As últimas duas semanas foram as melhores do governo Bolsonaro. Derrotado, ele ensaiou uma contestação ao resultado, mas recuou por falta de apoio. Foi apenas duas vezes ao Palácio do Planalto, fez dois pronunciamentos insossos defendendo manifestações pacíficas contra o presidente eleito, abandonou as lives no Facebook e os tuítes e passou os dias reclusos no Palácio do Alvorada, sua residência oficial, enquanto a Casa Civil mantinha os trâmites burocráticos para a transição de governo.
A ausência de Bolsonaro nas manifestações golpistas nas portas e dentro dos quarteis militares é um alívio. Com seus 58 milhões de votos, o presidente poderia se quisesse transformar esses meses de transição em um inferno caso insistisse nas teorias de conspiração que ele mesmo fomentou ao longo dos últimos quatro anos.
É o silêncio de Bolsonaro que, a preços de hoje, joga para o triturador de papeis as notas do Ministério da Defesa e dos comandantes das Forças Armadas, aceitando a realidade das urnas e, ao mesmo, incentivando as vivandeiras de uma intervenção militar. Os comandantes fizeram na semana passada o trabalho sujo de manter acesas as suspeitas sobre a atuação do Tribunal Superior Eleitoral, ação importante para manter o negacionismo vivo até 2026. Só que a apatia do presidente derrotado tira das manifestações o seu tom de ameaça, transformando-as em um espetáculo de memes de personagens simultaneamente cômicos e trágicos
Oficialmente afastado do trabalho por uma erisipela nas pernas, Bolsonaro deixou para o seu vice, general Hamilton Mourão, tarefas administrativas como a recepção a novos embaixadores e ao seu ministro da Casa Civil, Ciro Nogueira, a condução dos últimos dias de governo. Bolsonaro não foi aos fóruns internacionais da COP-27, que na prática assumiram Lula da Silva como presidente de fato do Brasil, nem do G20, cuja presença era dispensável. É como se Bolsonaro houvesse murchado.

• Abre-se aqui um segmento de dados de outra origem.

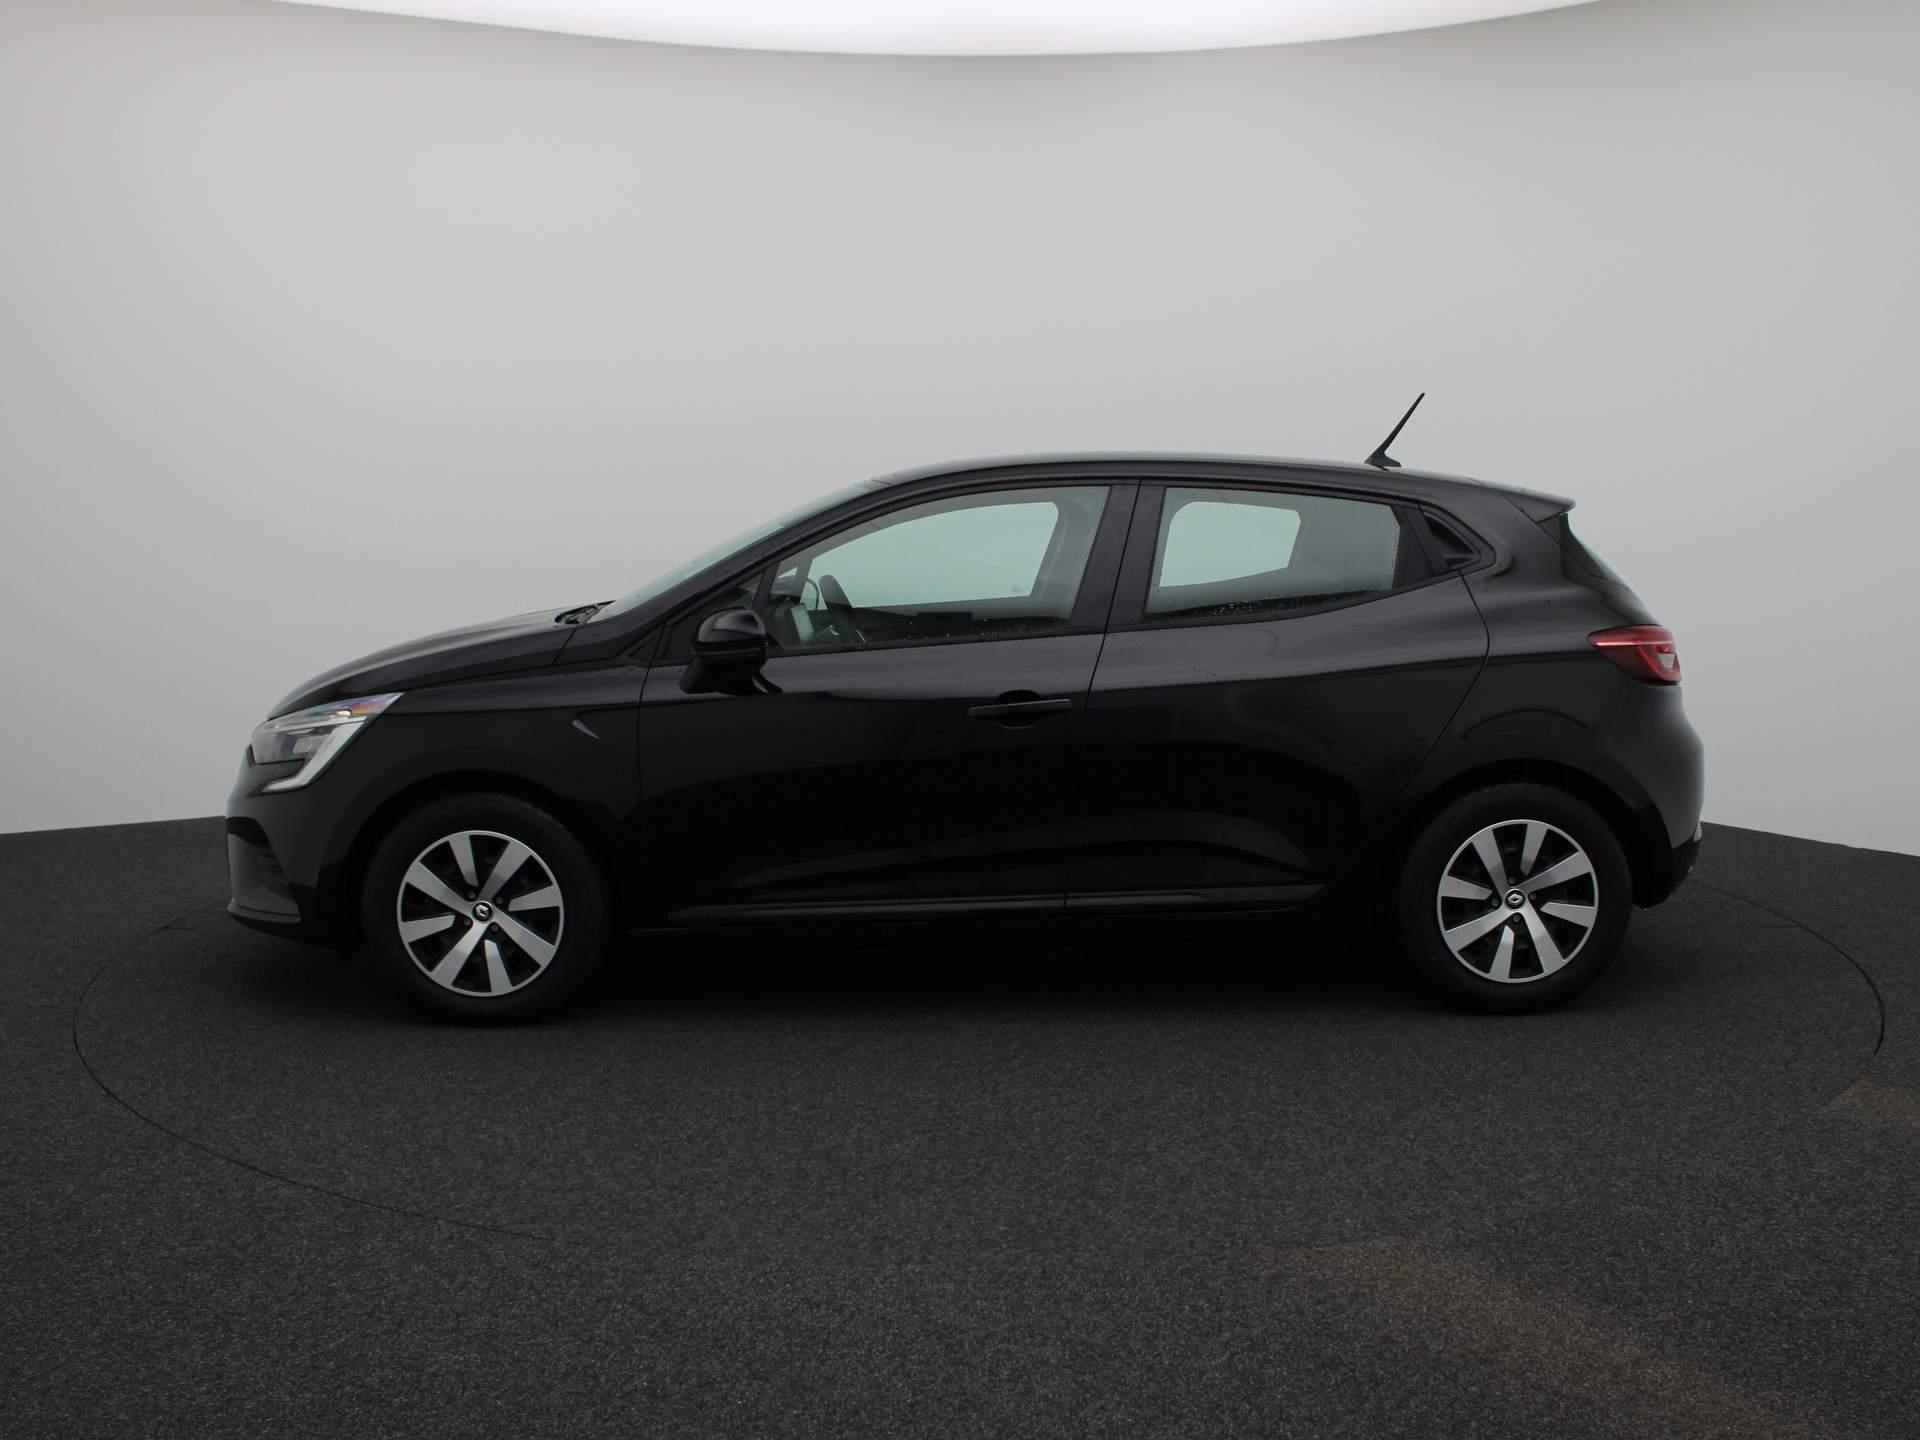 Renault Clio 1.6 E-Tech Full Hybrid 145 Equilibre | PDC Achter | Airconditioning | Draadloze Apple Carplay & Android Auto | Cruise Control | Licht- en regensensor - 4/36

Ironicamente, na fraqueza Bolsonaro reforça a sua força. Sem ele, a oposição a Lula é cacofonia sem um eixo de ação. Hoje apenas Bolsonaro, com sua liderança genuinamente popular, é capaz de agregar interesses tão desconexos como os dos agrobusiness, evangélicos, militares e mercado financeiro, setores que majoritariamente votaram contra Lula e que não pretendem dar um único dia de trégua ao futuro presidente. Porém, sem a regência de Bolsonaro e seus filhos até as redes sociais da extrema direita estão vazias. Há raiva, ranger de dentes, mas zero estratégia. São manés que perderam e seguem amolando, mas não sabem como construir uma alternativa futura. São órfãos à espera da volta de Bolsonaro.